Он крепко сжимал мою руку. Я неотрывно глядела в дикое прекрасное лицо. Когда он так бредил, он был прекрасен ночной, степной красотой. Я понимала: я погибла. А завтра утром снова придут люди, пахнущие кровью. Запоминай, запоминай его бред; может быть, всё это святая правда, как правдив лик сине-белой Луны над уснувшим холодным миром.
— Я знал все дороги Монголии и Китая. Я знал все пути, ведущие к священной Иволге. Я разоружил близ Урги китайские войска. Там, в юрте, я говорил с русским Царской крови, с Великим Князем. Он сказал мне: ты имеешь право убивать и владычествовать.
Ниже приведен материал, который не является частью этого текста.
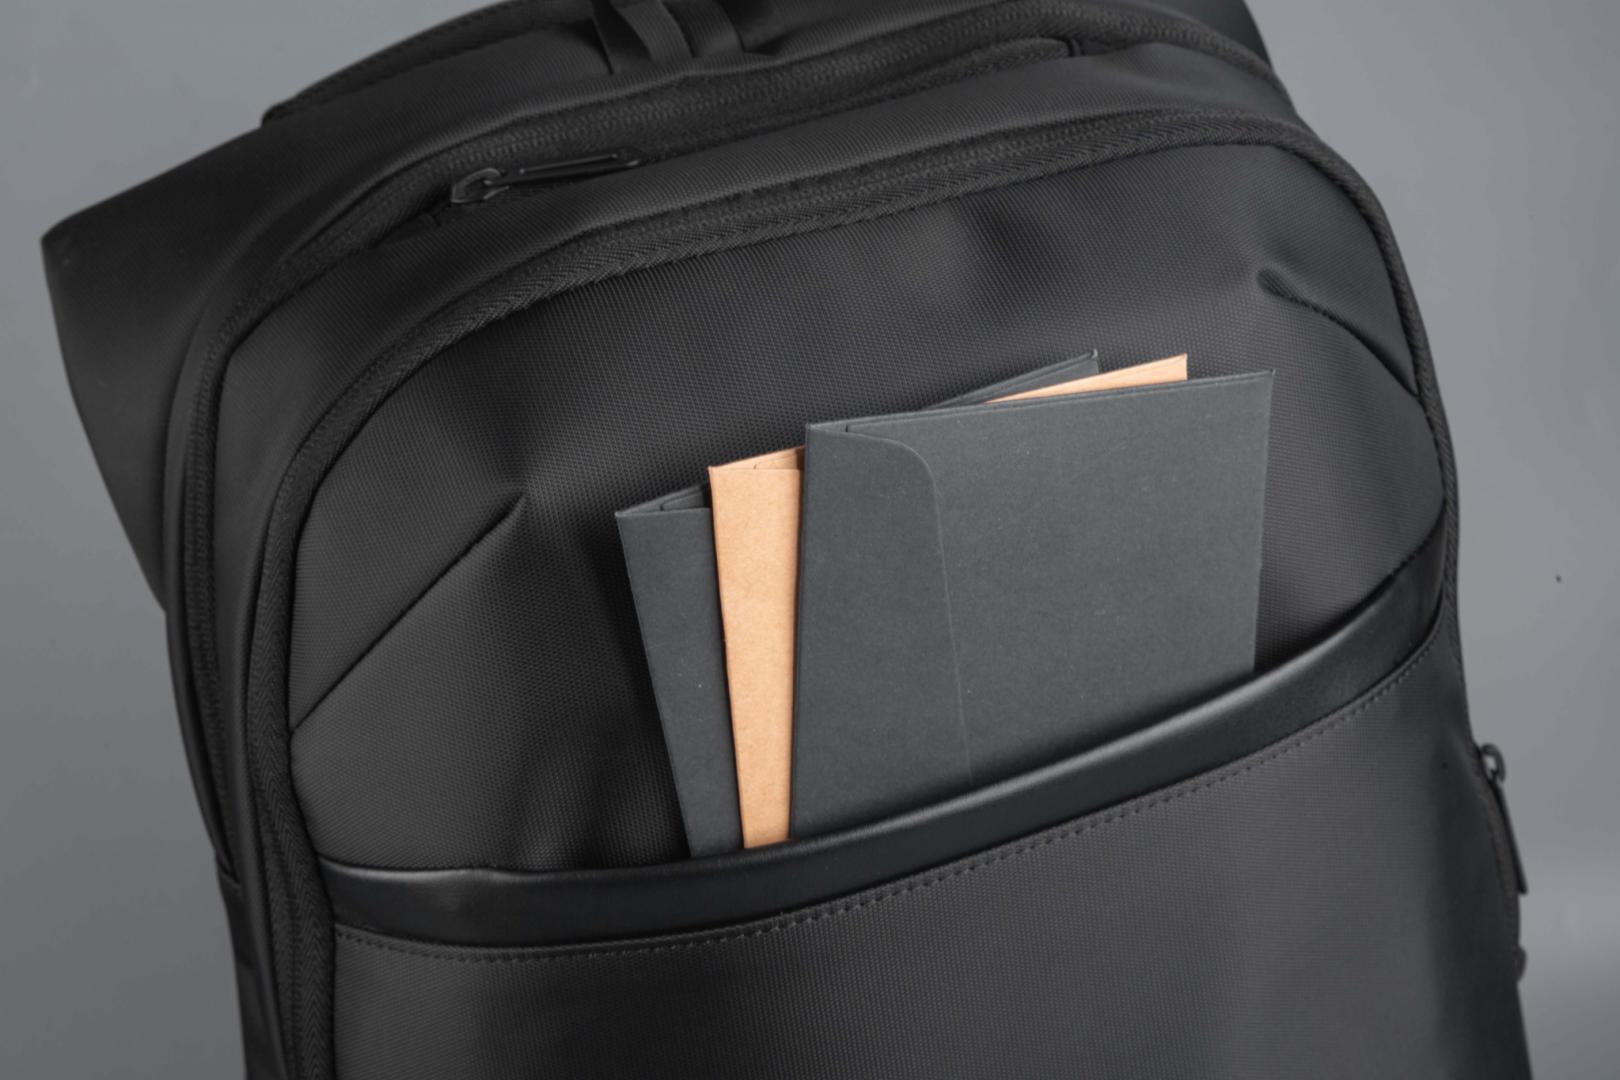 """Rucsac notebook Serioux, SMART TRAVEL ST9588, dimensiuni: 32 x 19 x 46 cm, rezistent la apa, compartimente multiple, compartiment separat pentru notebook: max. 15.6"""", bretele ajustabile, port de încărcare USB, buzunar ascuns la spate, material poliester - imaginea 6"""
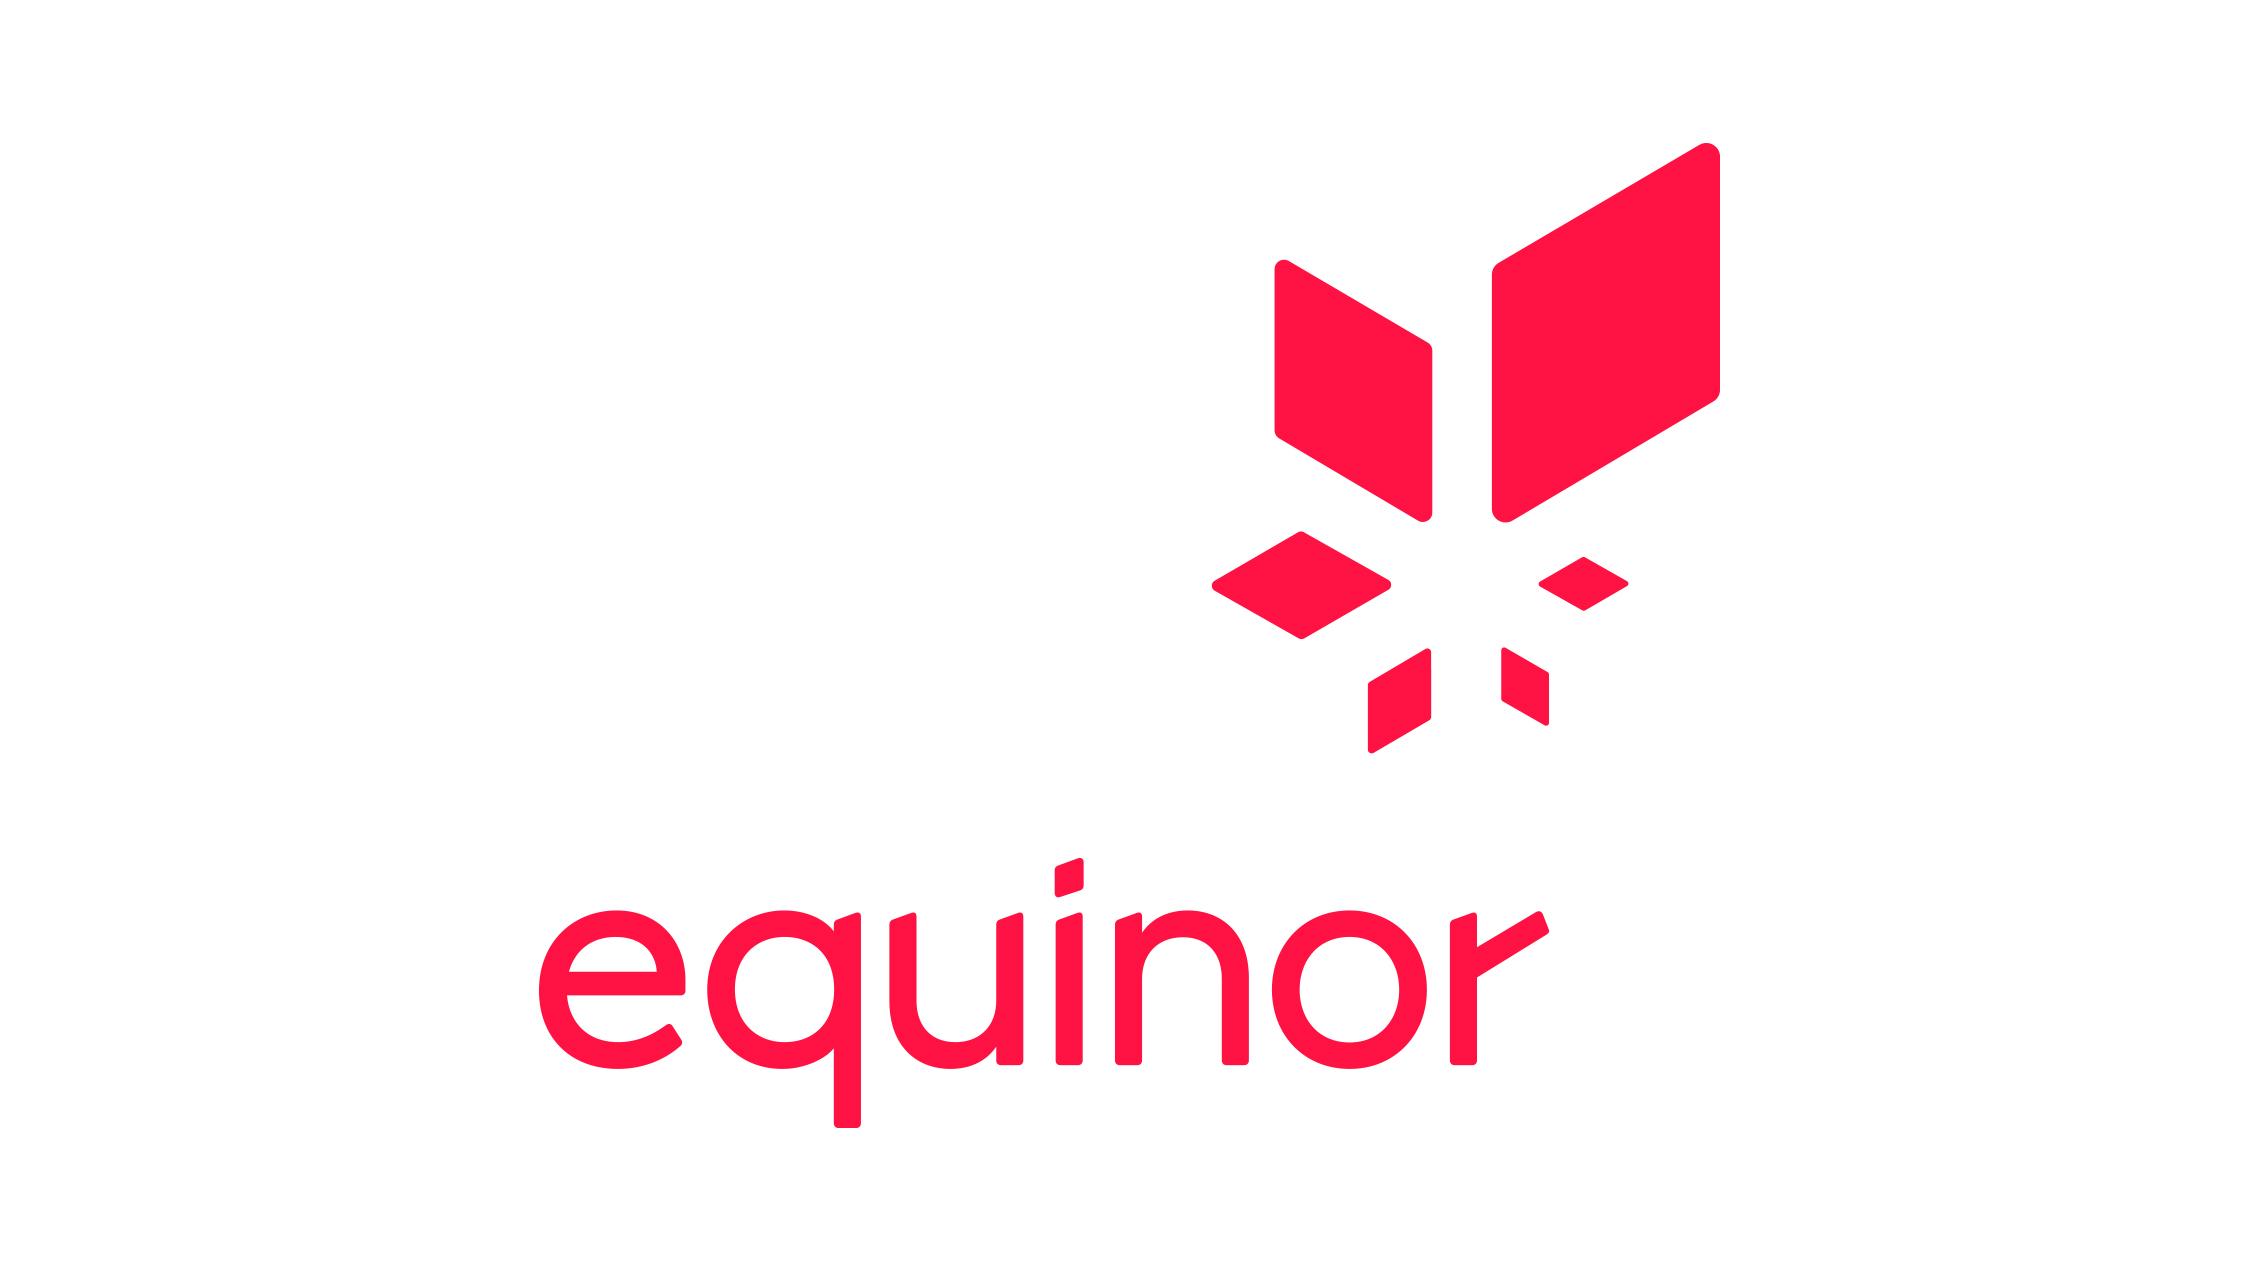 equinor-logo-rgb-16-9.jpg

Люди будут у ног твоих, и я тебе помогу. Я подарил ему верблюжьи стремена и бурятскую мандалу, расшитую золотыми нитями. Он был так доволен. Да, он помог мне, девчонка. Ты не знаешь, как я жил тогда в моей юрте. Над ней развевалось новое белое знамя. Оно было парчовое, всё вышитое сплошь, блестящее. На празднике освящения знамени в жертву хотели принести китайца, но неловкий солдат не мог отрубить ему головы, бросил меч и убежал, заливаясь слезами, и я подошёл, поднял меч, взмахнул им и отрубил голову жертве. Я всегда всё делал хорошо, девчонка. Запомни это.
Он внезапно открывал глаза и резко, слепяще, взглядывал на меня своими раскосыми щелями. Он так сжимал мне руку, что, казалось, ломал мне пальцы.
— У меня была роскошная юрта! — кричал он, и лицо его наливалось багровой краской. — Я заказал себе генеральское обмундированье! Всё, и эполеты, и погоны! У меня были золотые эполеты, золотые нити вились на них, золотые щётки свисали с моих крепких богатырских плеч! Я был герой!
— Ты и сейчас герой, — шептала я ему, — ты и сейчас.
Господи, он переломит мне руку. Я буду ходить в гипсе.
— Я был такой герой, что я проехал на коне всю Азию, весь великий Сибирский Путь на Запад, — сквозь прокуренные жёлтые зубы выплёвывал он мне в лицо, — и я достиг Астраханского ханства, и я хотел остаться там жить, так мне там приглянулось! А потом в проклятой России началась революция и война, заварилась эта каша из железа и крови, и я, я тоже варил её! Я к ней руку приложил!.. Казаки астраханские восстали, но красные солдаты их перестреляли, всех до одного… А я уже скакал, скакал и ехал в поездах, и мой конь трясся в вагоне вместе со мной, обратно на Селенгу, на Байкал, в Бурятию, сюда… И пули свистели вокруг меня, и гранаты взрывались у меня под ногами, но я же знал, знал священную мантру!..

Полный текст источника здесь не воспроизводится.